Cargill Inc., Olam International Ltd. and Barry Callebaut AG, the top three buyers, are among the exporters sitting out forward sales for the current season’s mid crop that runs from April to September and the next 2024-25 harvest, according to people familiar with the matter. The companies want a discount because of higher prices and dipping demand, they said, speaking on condition of anonymity as they’re not authorized to speak on the subject. 

Yves Kone, director of Ivory Coast’s regulator, Le Conseil Cafe-Cacao, acknowledged that some major buyers are holding off purchases, but declined to name them. 

Cargill, Barry Callebaut and Olam all declined to comment on their buying practices. 

Concerns of global supply shortages of the key chocolate ingredient has seen futures rally more than 45% this year to the highest in four decades. That’s raised concerns that exporters, who book beans and lock in prices as much as a year in advance, could make losses if the market dips ahead.

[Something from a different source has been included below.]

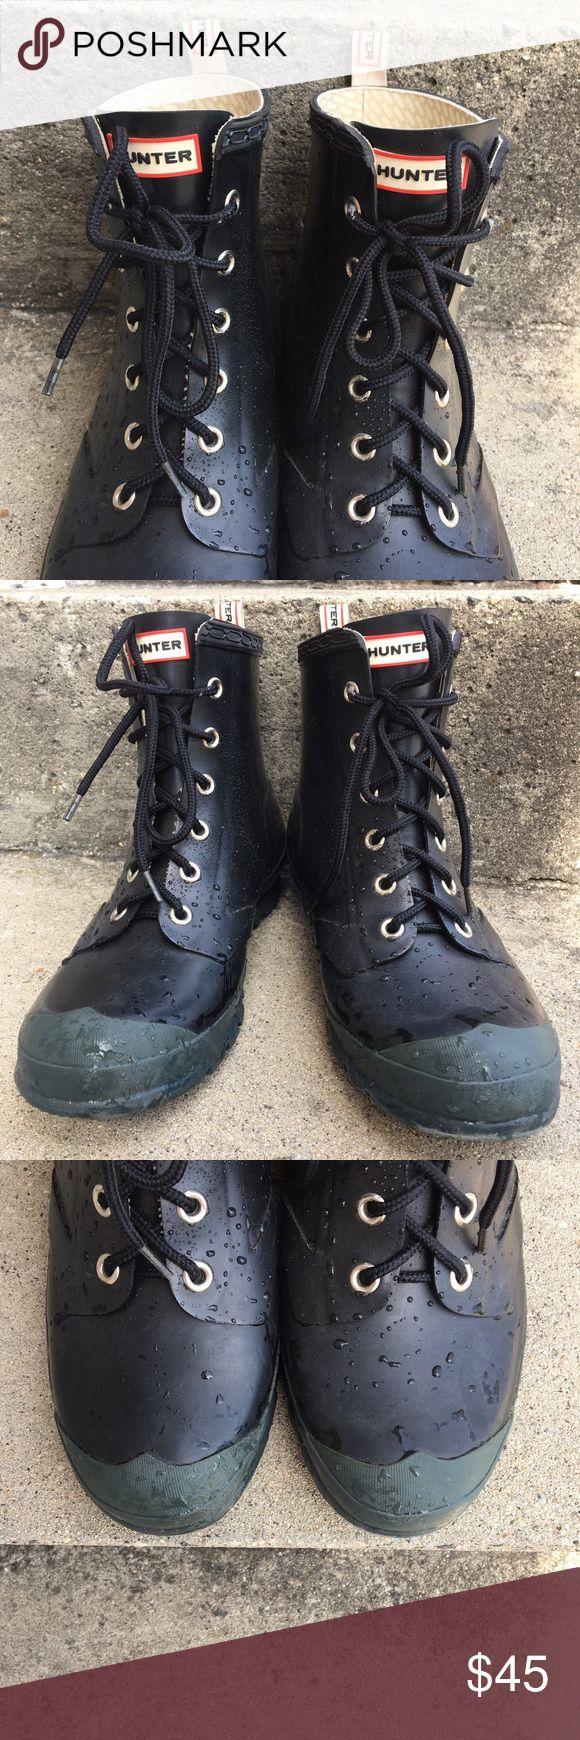 Hunter Combat Rainboots Barely worn!!  Short, black, tie-up, Hunter wellies! Hunter Boots Shoes Winter & Rain Boots

Ivory Coast’s CCC resumed forward sales in September — after putting them on hold while the nation mulled how to deal with the European Union’s new deforestation regulation, which kicks in at the end of next year. 

“We’re selling beans at the market price and adding the living-income differential,” Kone said. Any further discount would undermine the premium meant to boost farmers’ wages, he said.

Buyers there and in Ghana, which together account for two-thirds of global production, have to pay $400 per ton on top of the market price as the living-income differential. Additionally, the countries charge a premium for bean quality, although it has recently held at zero in the Ivory Coast. The CCC said some companies have pushed for the latter to flip to a discount, but the agency has ruled out that prospect.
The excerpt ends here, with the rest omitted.